Llévame a La Luna


Una estrella fugaz atravesó el manto oscuro con el que la noche cubría mi cabeza. Y allí, con dolor de cuello de tanto inclinarme hacia arriba, mis ojos brillaron durante unos segundos, mi alma pidió un deseo y la piel decidió erizarse. Me abroché la chaqueta y seguí observando el cielo estrellado. Me encontraba en medio del campo, sentado sobre una piedra, en esa parcela de intimidad en la que toda persona reflexiona, recapacita y piensa sobre su propio ser. Me acurruqué aún más en mí mismo pues una suave y fresca brisa nocturna había decidido hacer acto de presencia. Al frente, la luz de la Luna dibujaba el contorno de la montaña, delimitando perfectamente el horizonte con una puntada casi perfecta. Las casas del pueblo, situado un poco unos kilómetros más abajo de donde yo había fundado mi propio reino de paz y armonía, me daban calor. En una de ellas, una persona estaba observando el mismo cielo que yo desde la ventana de su habitación, ajena al ajetreo que su familia estaba montando en la planta de abajo.
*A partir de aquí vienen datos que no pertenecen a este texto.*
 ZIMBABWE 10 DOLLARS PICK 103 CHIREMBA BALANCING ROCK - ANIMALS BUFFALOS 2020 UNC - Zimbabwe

Más allá del bosque, donde se perdía la sinuosa carretera, la imaginación de aquella persona volaba montada en una nube rumbo a la Luna. Corría y huía del encorsetamiento del día a día, de lo anodino de la rutina, de su propio pasado de ansiedad y estrés. Era verano y la cabeza la tenía en otro lugar. Música, amigos y amigas, noches interminables y conversaciones hasta altas horas de la madrugada. Pero mis ojos sólo podían fijarse en aquel resplandor blanco que destellaba tras la armadura de pinos de la ladera de la montaña. Miraba ansioso hacia las casas del pueblo, esperaba una nueva señal que me indicara que todo estaba listo. De nuevo, mi mirada se centraba en el apacible y enigmático resplandor blanco. Ni siquiera la oscuridad de la noche era capaz de apaciguar la fuerza de su brillo eterno, aquel que ha iluminado y esperanzado la vida del ser humano durante miles de años.
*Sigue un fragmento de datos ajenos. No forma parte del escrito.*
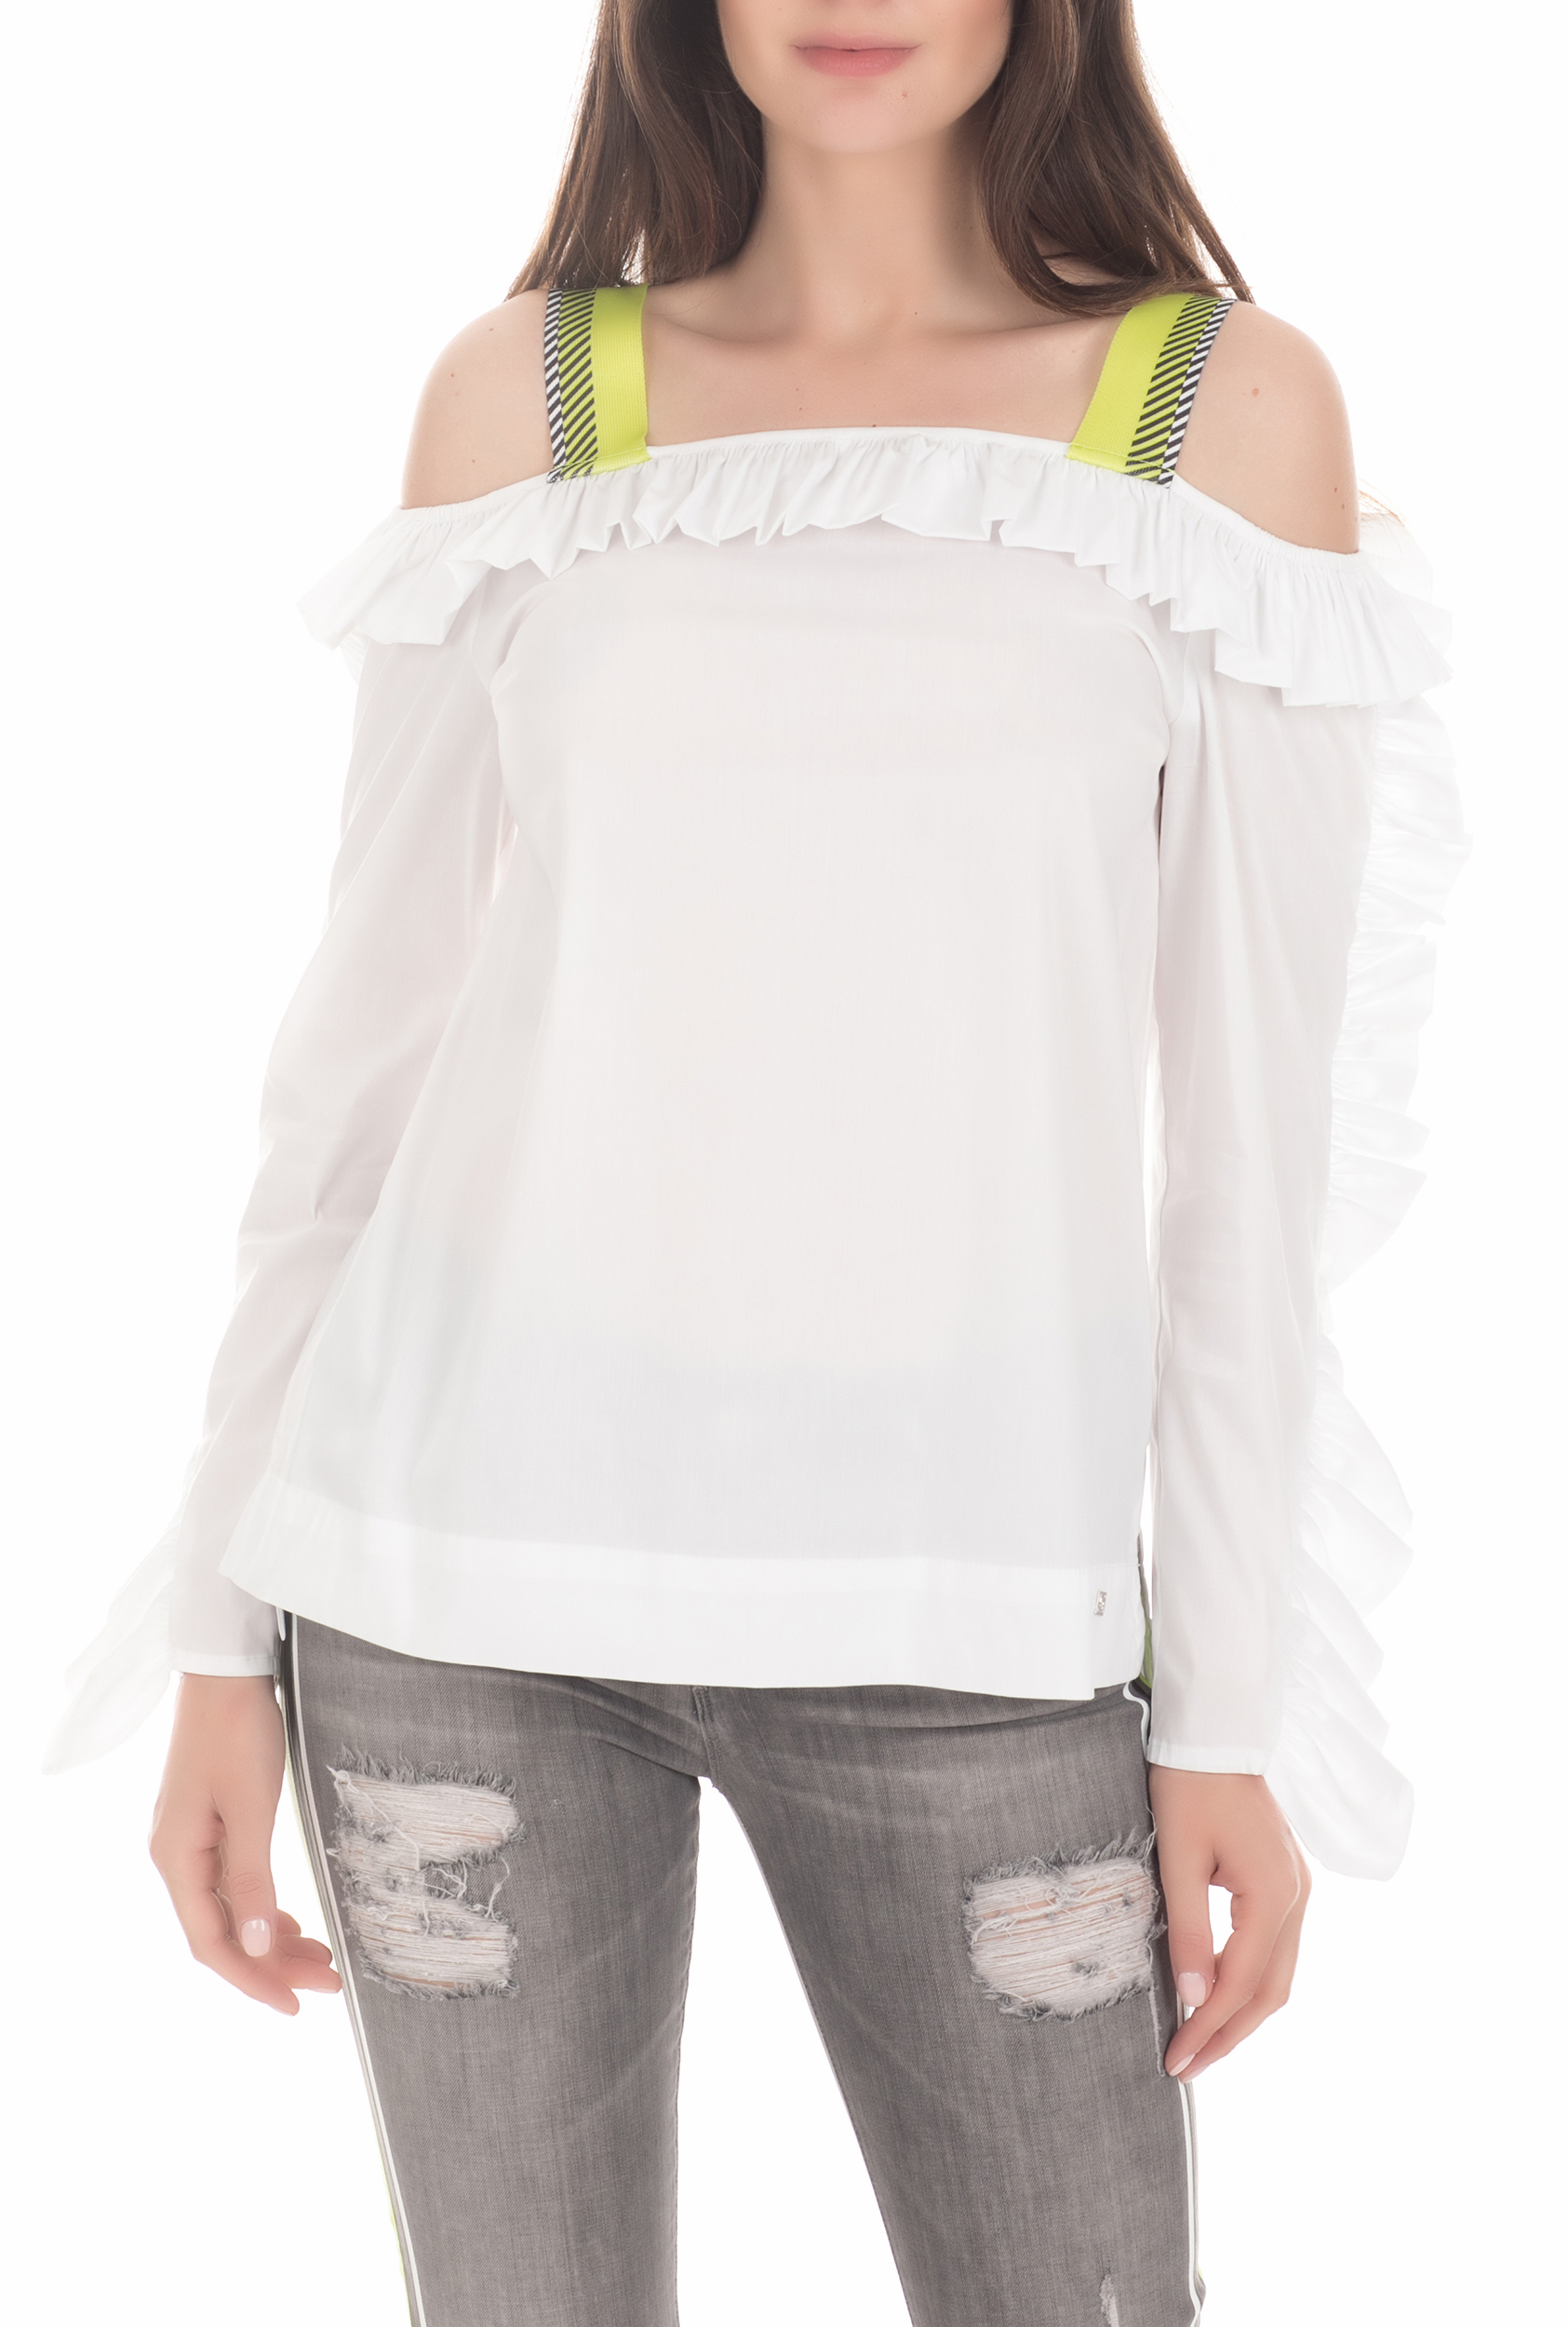 Γυναικεία/Ρούχα/Μπλούζες/Μακρυμάνικες BYBLOS - Γυναικεία μπλούζα BYBLOS OPEN SHOULDER λευκή

Otra estrella fugaz… Y esta vez, su rastro dibujó entre las estrellas la silueta de un corazón. Otra estrella fugaz hizo una réplica perfecta de un libro semiabierto; otra estrella, unos cascos para escuchar música; otra estrella, el sendero de un parque… Y así fue como comenzó la lluvia de estrellas. La señal. Aquella noche estaba destinada a ser mágica. El resplandor fue incrementando su luz y, poco a poco, un contorno de un blanco sepulcral se dejaba ver. Una circunferencia perfecta. Un círculo eterno. Nuestro círculo eterno. Un astro testigo de relatos e historias. Ya llegaba… Y entonces, cuando volvió a nacer y se asentó tras la falda de la montaña, sentí que era yo otra vez. Por la carretera vislumbré los faros de un coche. “¡Tal y como habíamos quedado!”, pensé. El coche paró justo debajo de donde yo estaba sentado y de él emergió una enigmática figura. Corrió hacia mí, me tendió su mano y, al fin, pude pedírselo: “Por favor, llévame a La Luna”.